"The Pope is continuing physical and respiratory therapy, with the expected results, which means his voice is also improving," the Vatican said.
"There is obviously also time for work, which the Pope does partly sitting at a desk."
That included clearing the path to canonisation for the first saints to hail from Venezuela and Papua New Guinea, as well as an archbishop killed during the massacres of Armenians in 1915.
The decrees were approved last Friday in co-ordination with the curia, or Vatican hierarchy, from Santa Marta, the Vatican hotel where the Pope's apartment is located.
Announced on Monday, they relate to the canonisation of Peter To Rot, a layman from Papua New Guinea who was declared a martyr for the faith after he died in prison in World War II, Venezuelan religious founder Mother MarÃa del Monte Carmelo and Archbishop Ignatius Choukrallah Maloyan, who was executed during the mass killings of Armenians in 1915 along with 13 priests when they refused to renounce their faith.
Maloyan was among an estimated 1.5 million people killed in the events, which are widely viewed by scholars as the first genocide of the 20th century.
Turkey's government rejects that the deaths constituted genocide, saying the toll has been inflated and that those killed were victims of civil war and unrest.
The Vatican said that the 88-year-old pontiff remains in a good mood, and he continues to receive greetings of affection from the faithful.
An X-ray this week shows a "slight improvement" in a lingering lung infection, the Vatican said.
Doctors have said that the Pope has recovered from the pneumonia but that a fungal infection in his airways would take months to clear under pharmaceutical treatment.
Francis has not had any official visitors since returning on March 23 to the Vatican although the doctor who co-ordinated his hospital treatment at Rome's Gemelli hospital, Dr.

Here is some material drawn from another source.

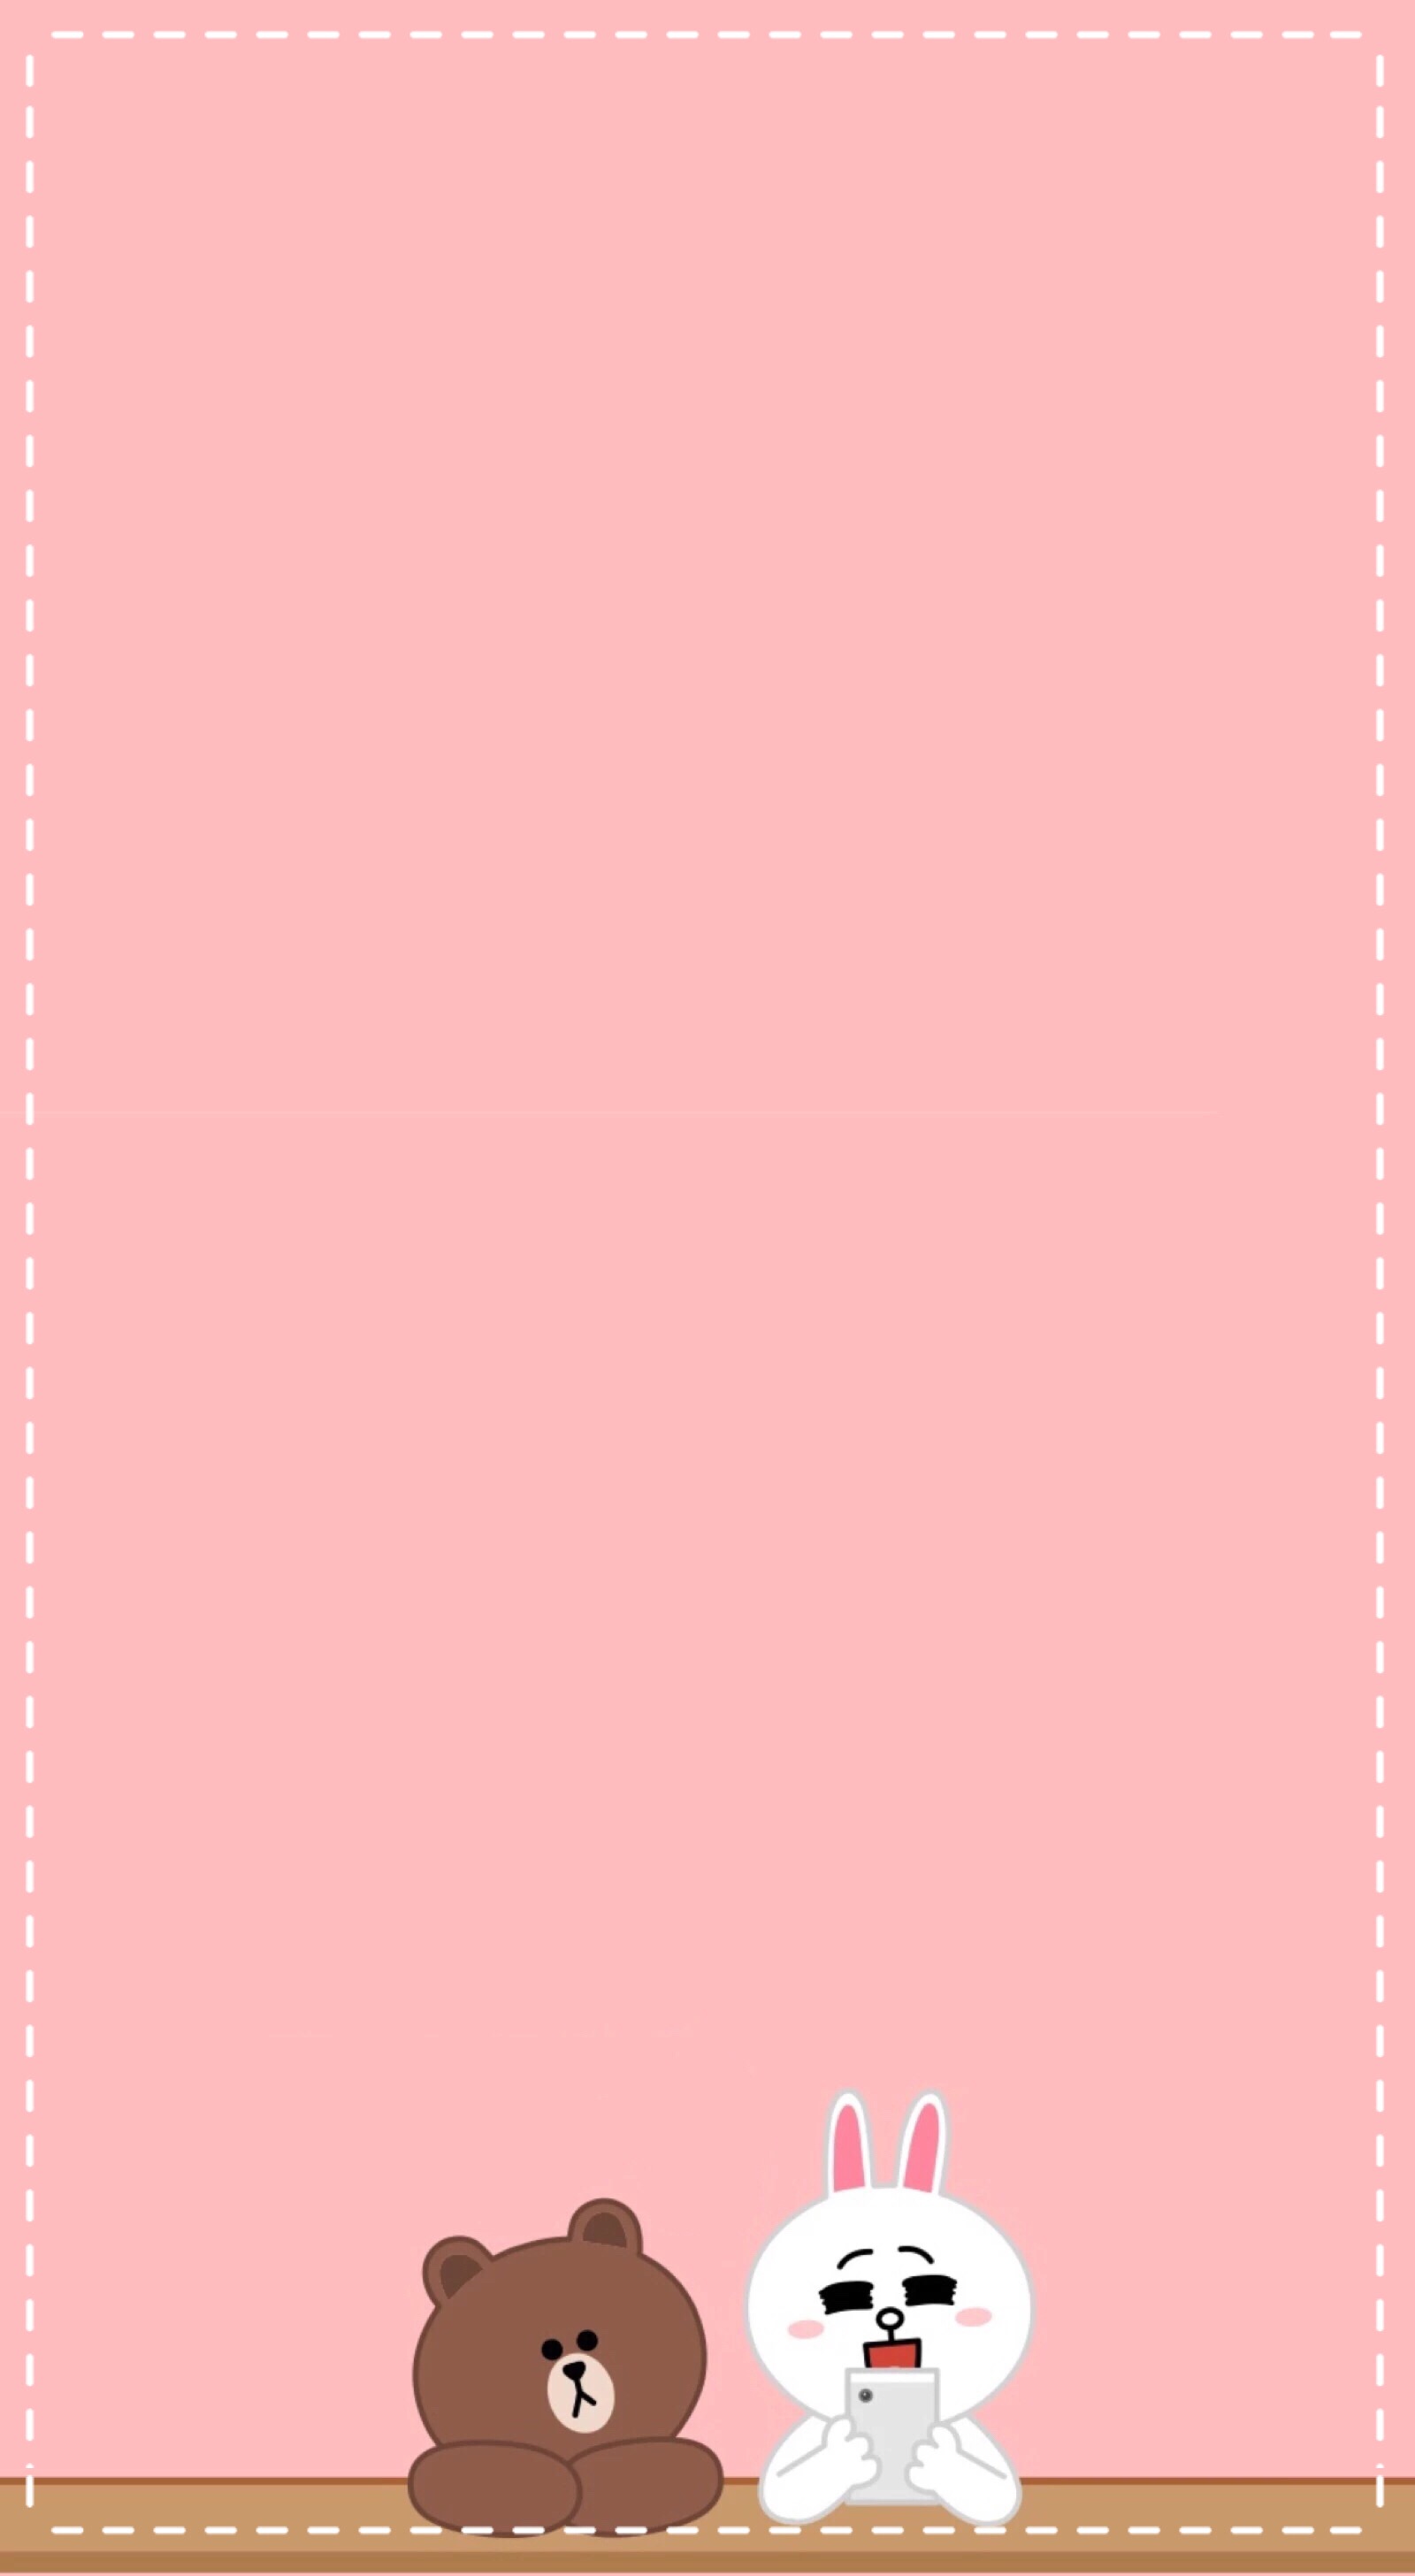 纯淡粉色手机壁纸高清图片

Sergio Alfieri, visited him last Wednesday and intends to make weekly visits to monitor his recovery.
Doctors have ordered two months of rest to fully recover from the illness that nearly killed him, and to avoid large gatherings.
The Vatican has not yet said whether the Pope would be able to participate in any celebration during Holy Week leading up to Easter on April 20.
Alfieri said that the Pope was near death during an acute respiratory crisis eight days after his February 14 hospitalisation, and that both the pontiff and his primary medical caregiver consented to "decisive" measures despite the risks that it posed to his organs.